Eating! Who doesn't like to eat? I personally like eating some things more than others...say like, ice cream. :) Seriously though, we need food to fuel our bodies, just as gas and oil fuel cars. I'm afraid that not many people know much about the food they are consuming and whether or not it is actually healthy for them.

These days, most people get their nutrition information straight from the food manufacturers. Now I ask you, is that a good practice? Do you really want to be listening to the very people who stand to make ALOT of money based on what you put into your mouth? I think it's a dangerous thing to do. What about the thousands of ingredients and chemicals that do not even have to be mentioned on labels because they are used in processing? Who tells you about those? Are they really good for you?

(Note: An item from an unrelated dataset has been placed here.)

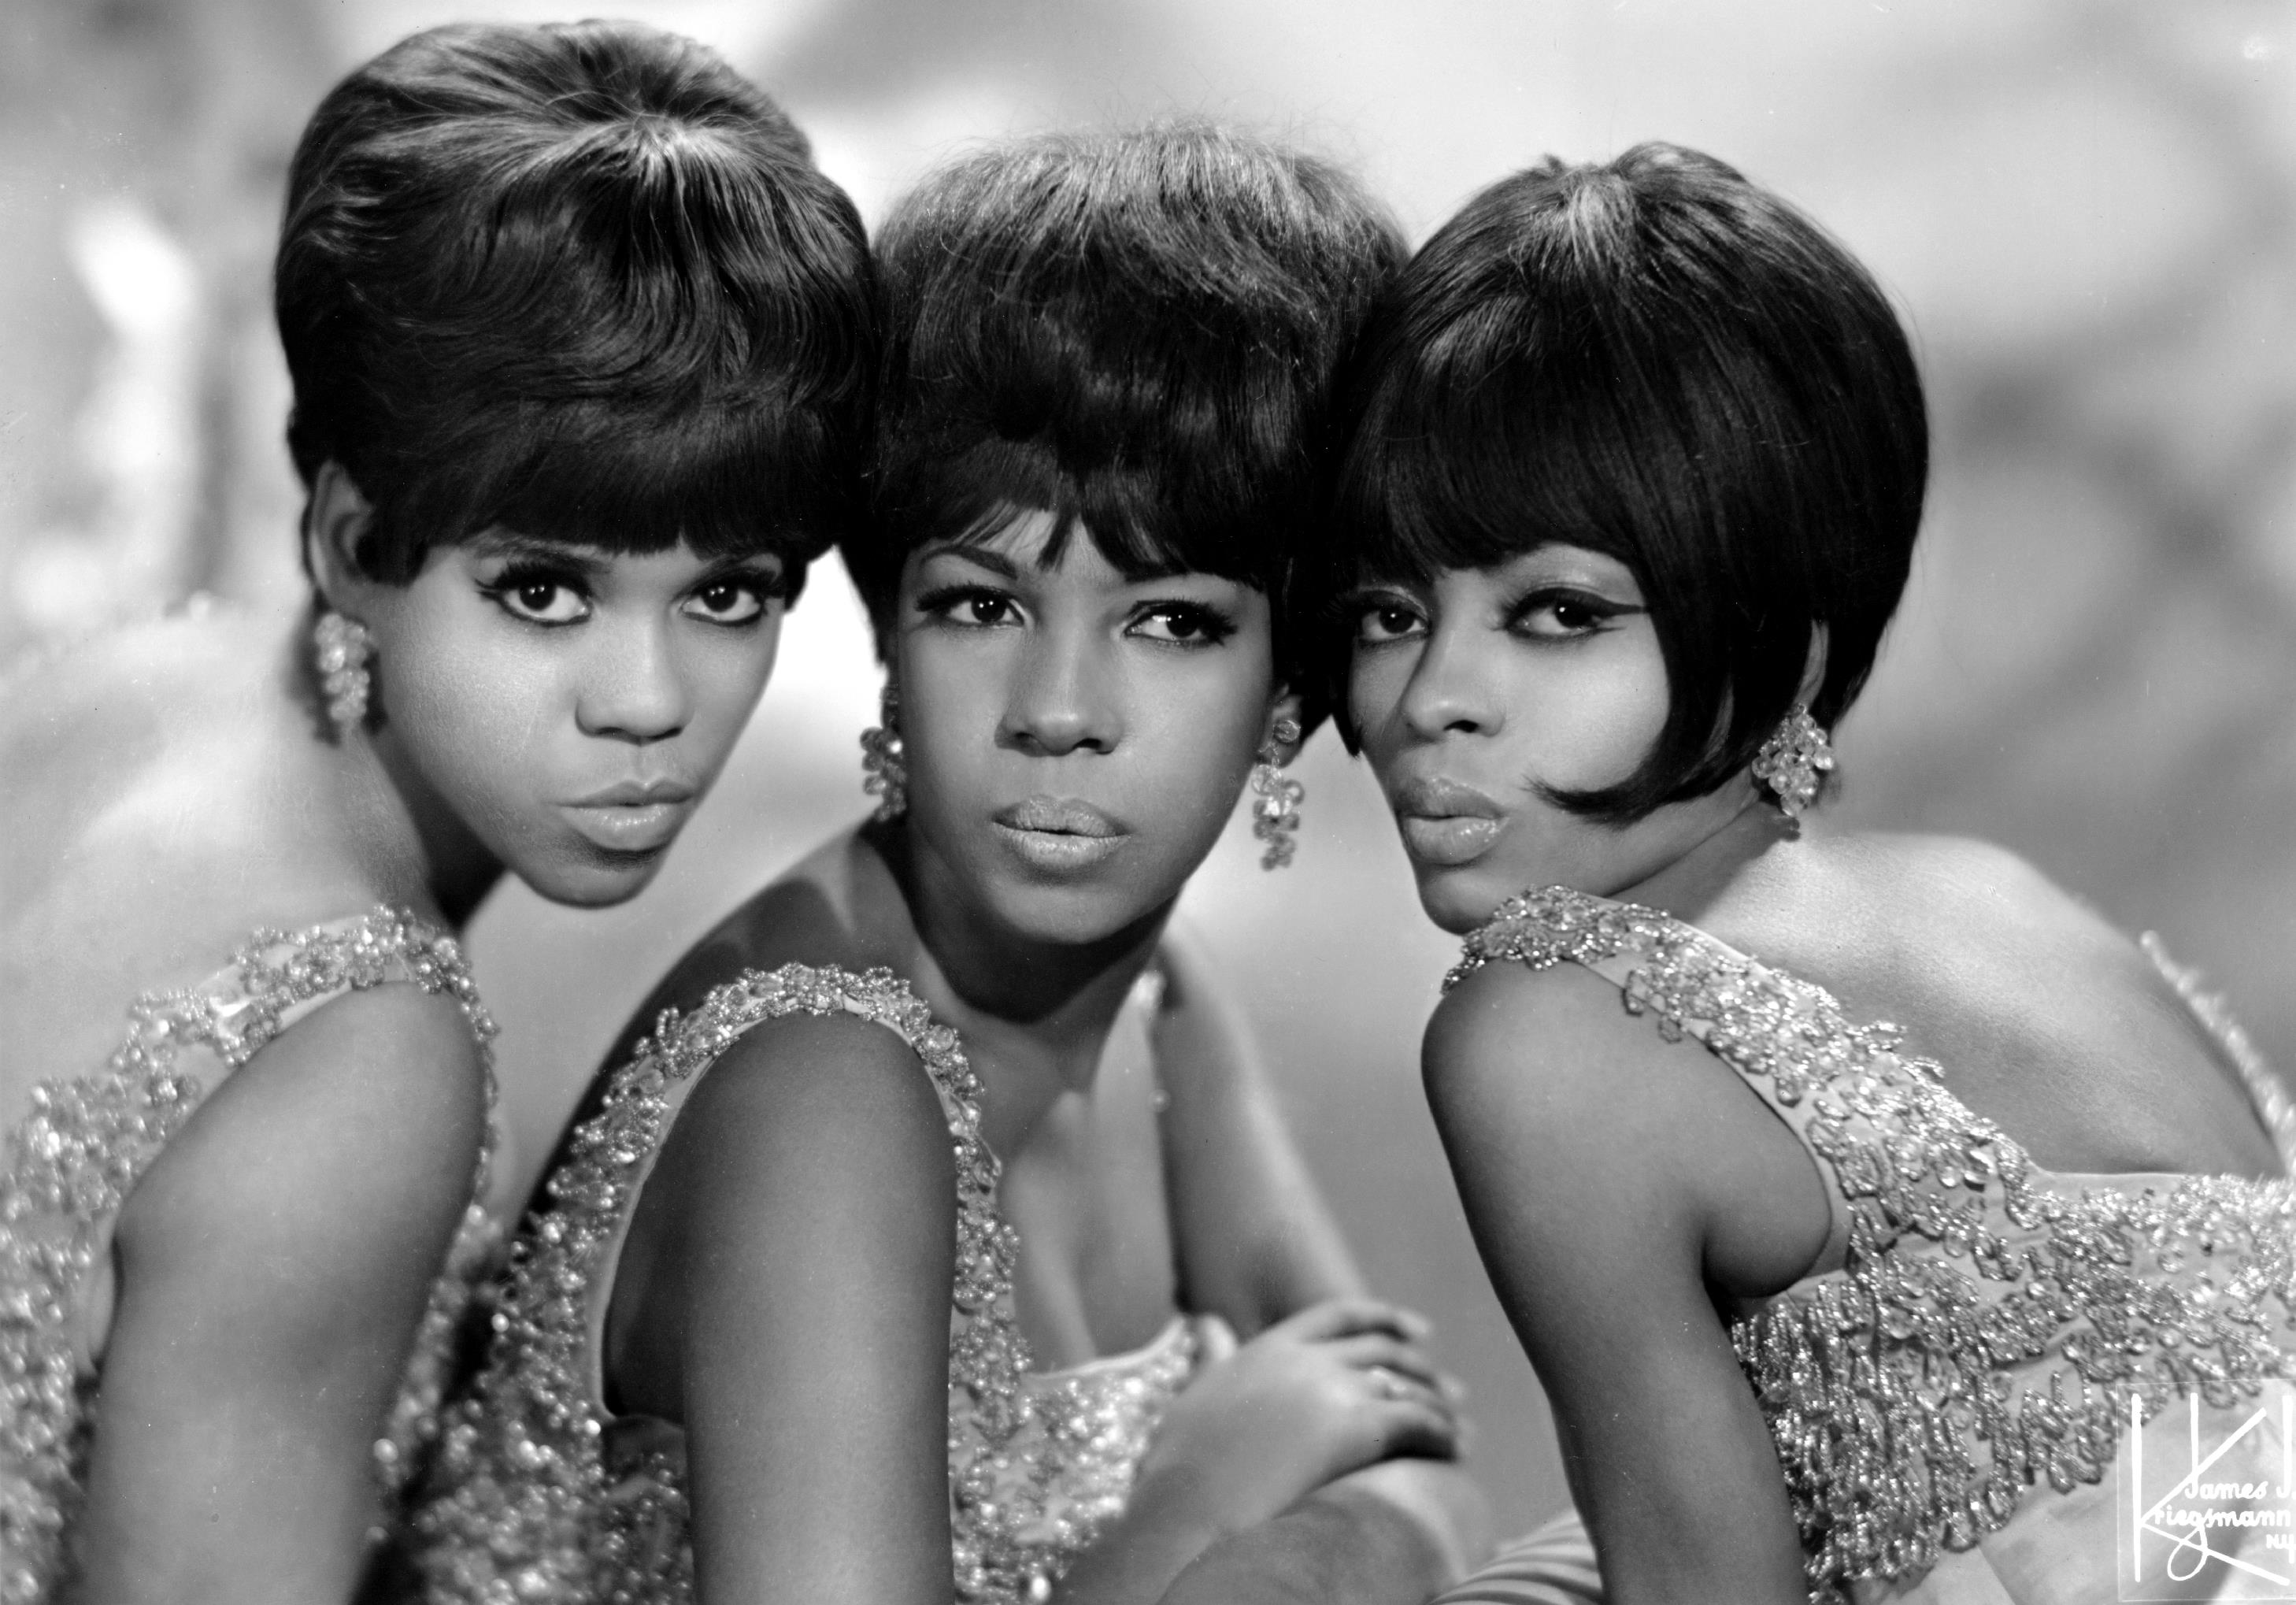 The Supremes in a row

Pre-mixed, pre-made, add water, open the can, snip the pouch, microwave. This is the foundation of what serves as an eating plan for many of us. We're taught by commercials to believe that cooking takes too long, that we're all too busy for it. The quicker the better. There's a total lack of nutrition in this pre-mixed/pre-made lifestyle. You're not getting fresh vegetables and all their fabulous vitamins, minerals and enzymes, you're getting powdered remnants of them. You're not eating a varied diet, an important way to get all the vitamins and minerals one needs for optimal health.

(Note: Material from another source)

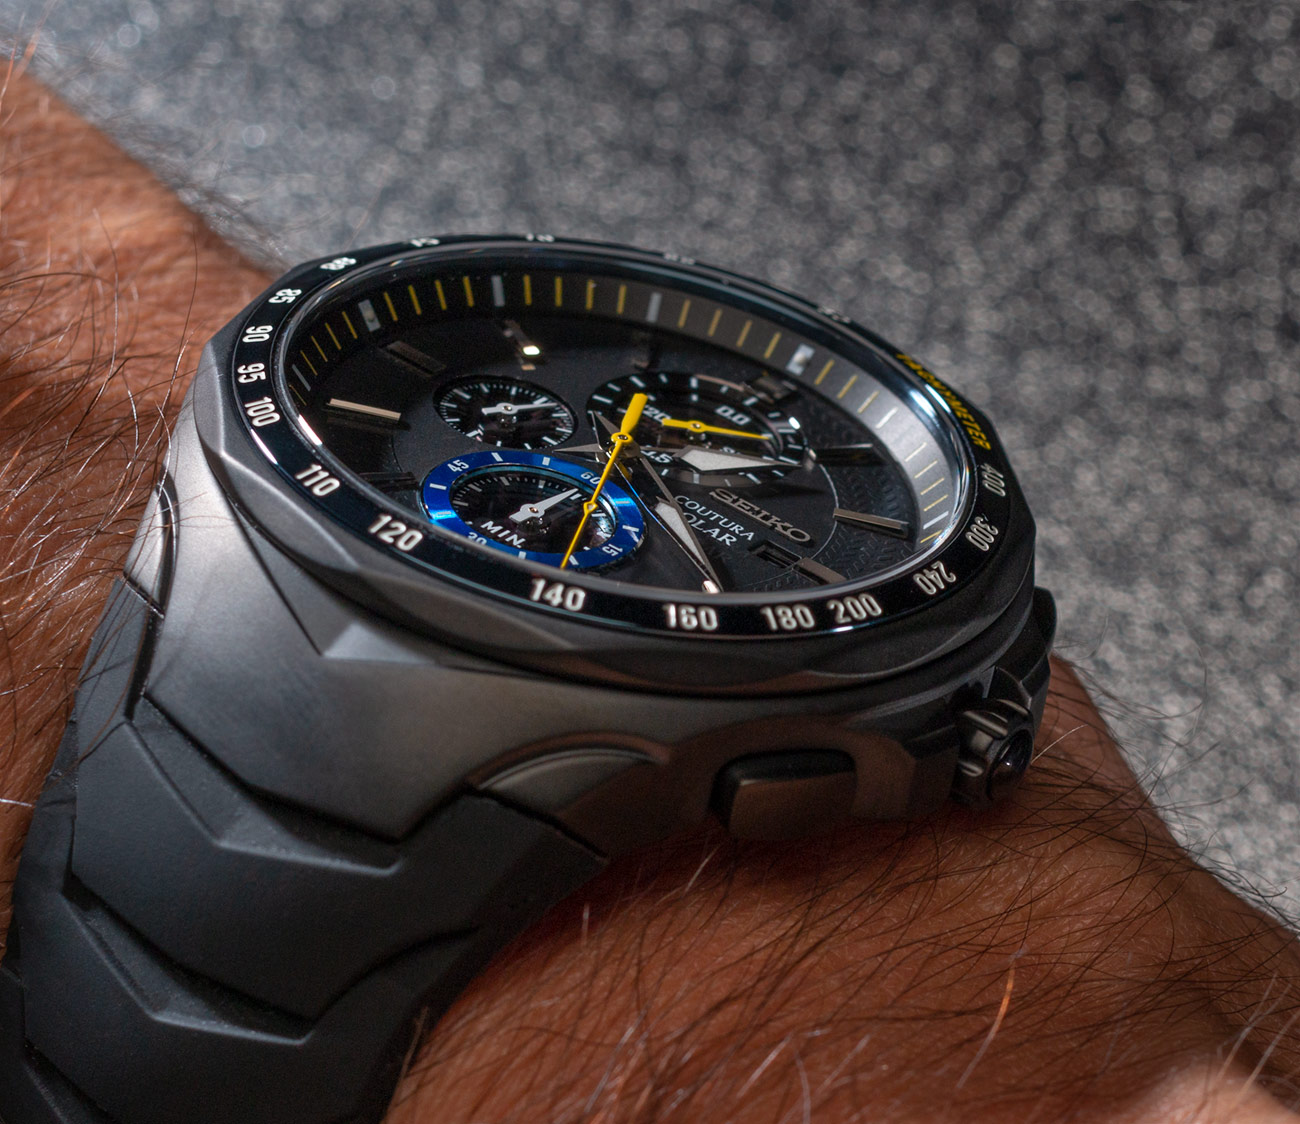 Seiko Coutura Solar Chronograph Jimmie Johnson Special Edition Watch  Hands-On | aBlogtoWatch

1) ELIMINATE ARTIFICIAL SWEETENERS

If one is looking for a healthy way of eating, eliminating all artificial sweeteners is a great place to start. There's not enough safety information on some sweeteners and too much clear and scary info on others.

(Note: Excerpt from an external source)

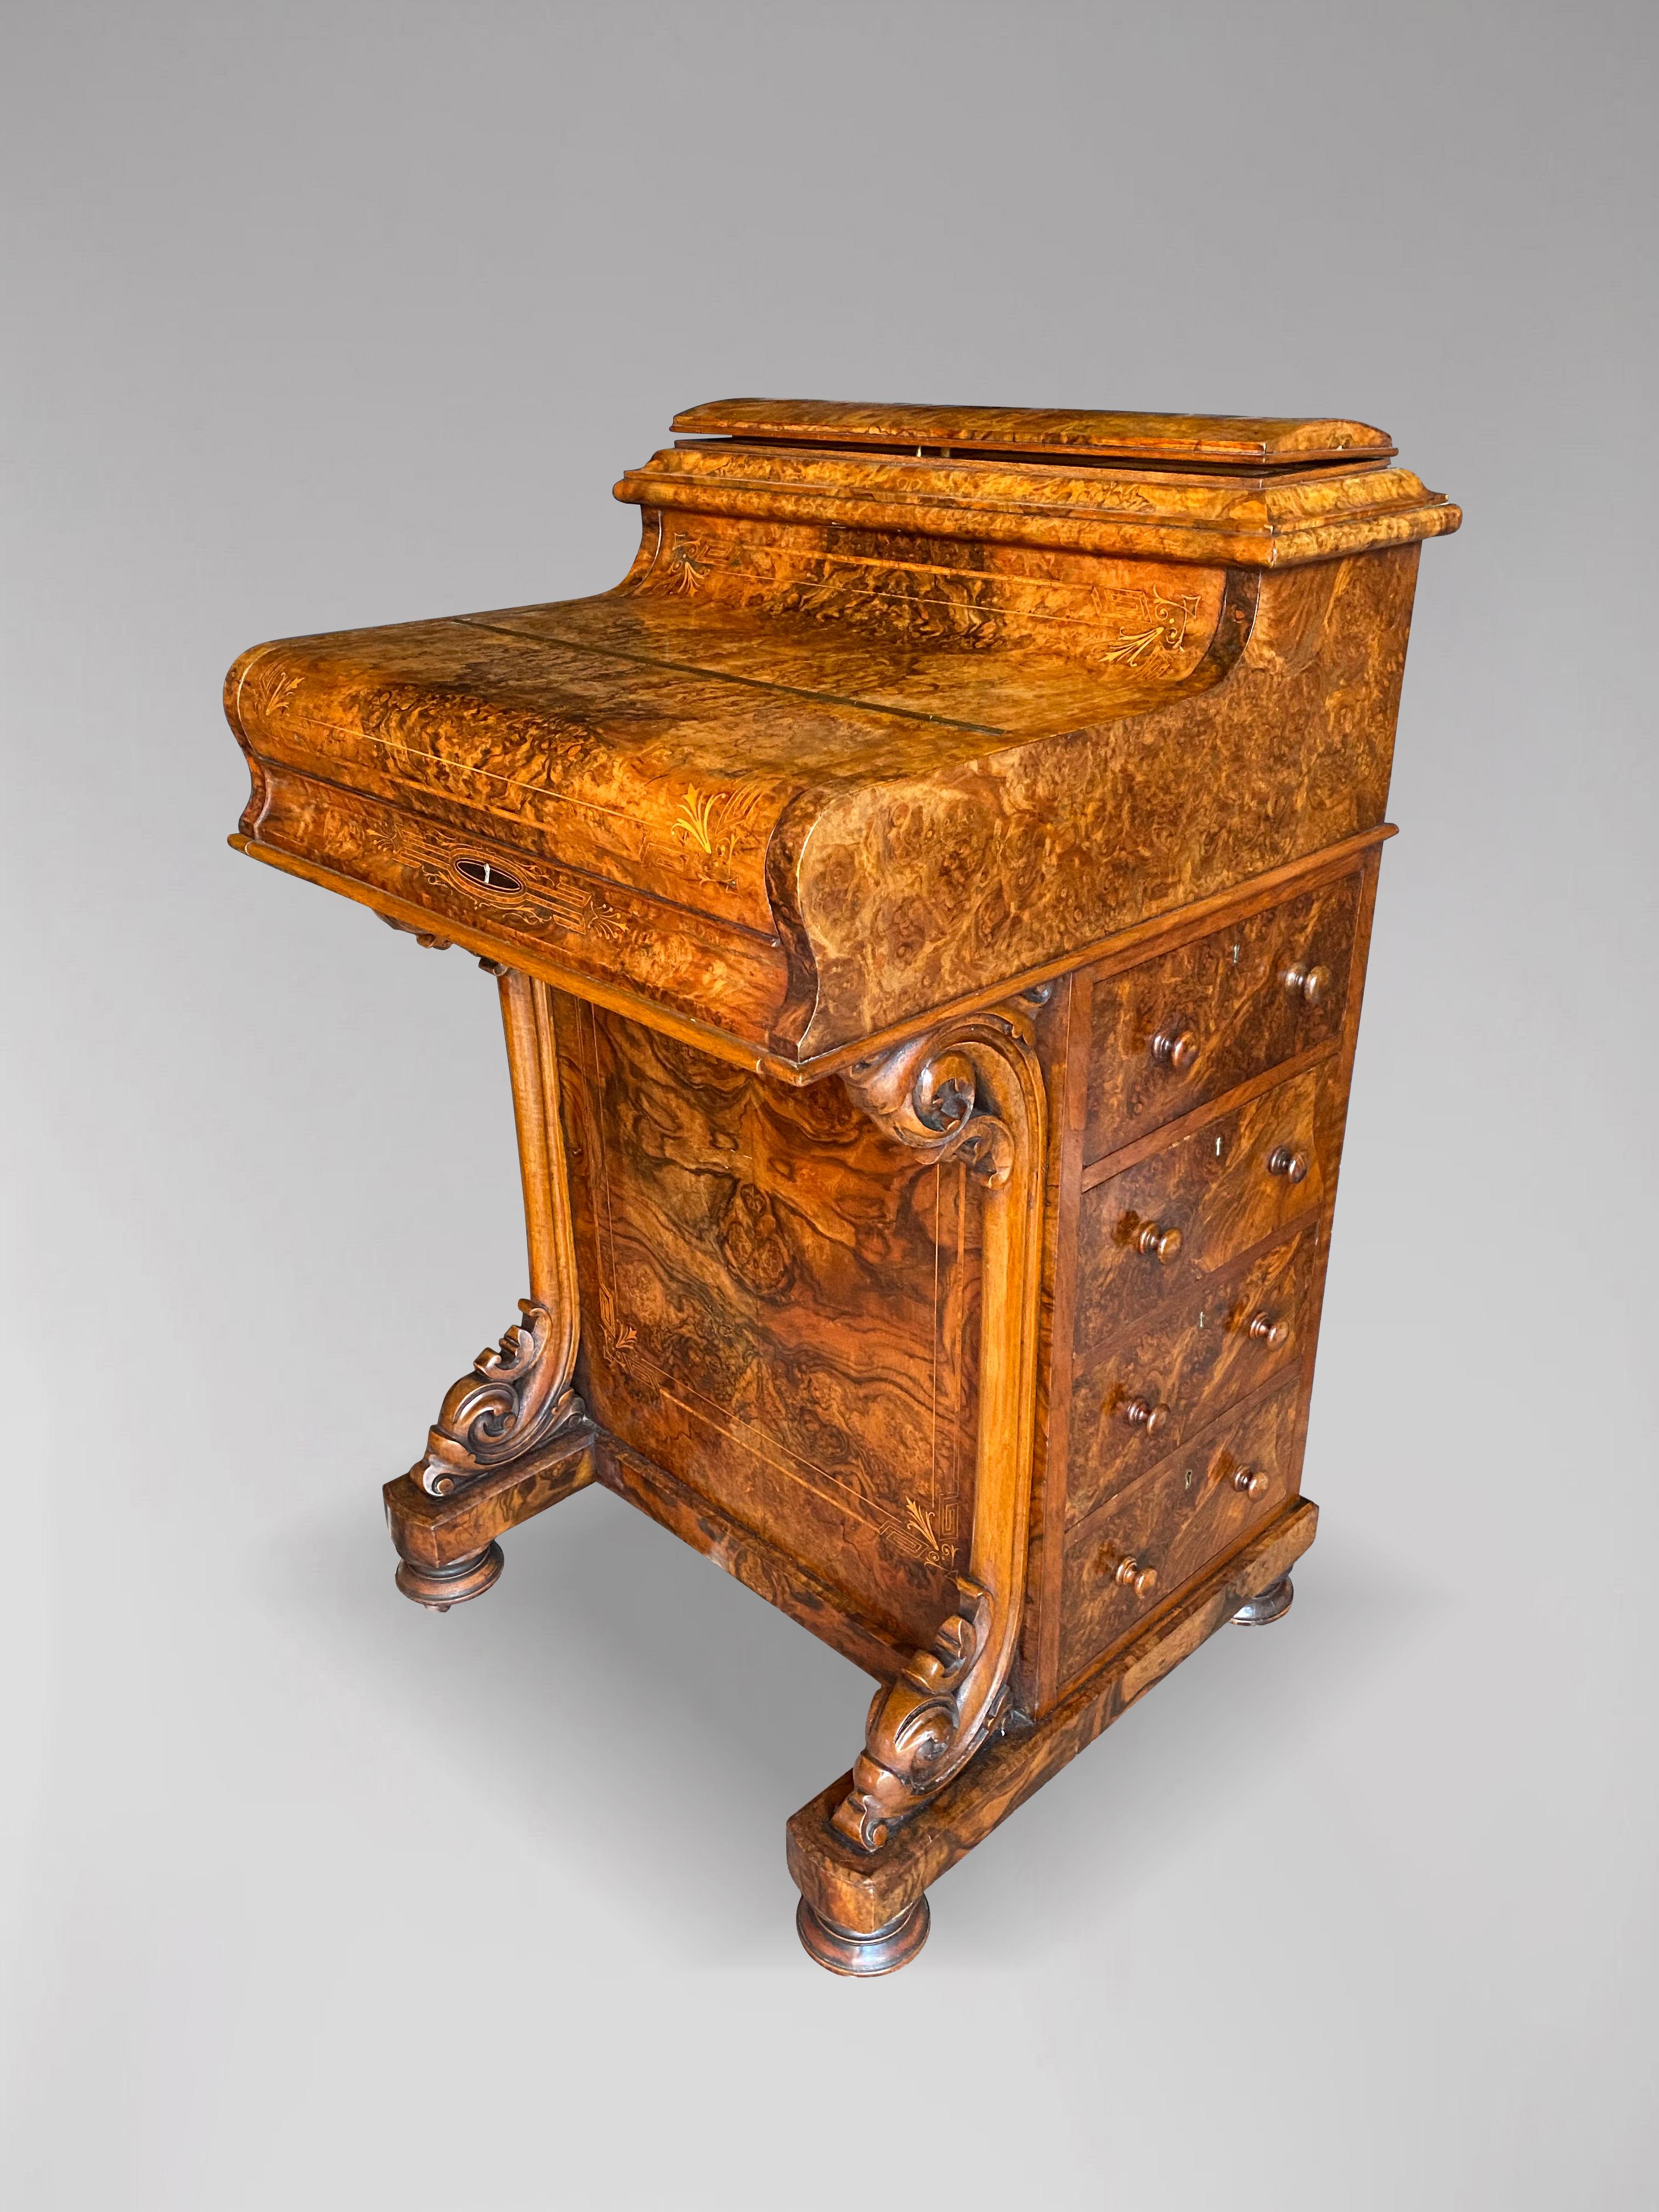 A stunning 19th century figured burr walnut Davenport desk. The piano top fall lifts to reveal 2 burr walnut veneered drawers and a pull out and adjustable writing slope which retains the original gold tooled red leather writing surface. This

http://www.sweetpoison.com/aspartame-information.html http://www.holisticmed.com/aspartame/
http://www.bodyandfitness.com/Information/Fitness/sugar.htm

2) ELIMINATE PARTIALLY HYDROGENATED OILS

A process to lengthen shelf life can shorten your life! Trans Fatty Acids created by hydogenation have been linked to cancer, cardiovascular disease and diabetes. Don't risk it!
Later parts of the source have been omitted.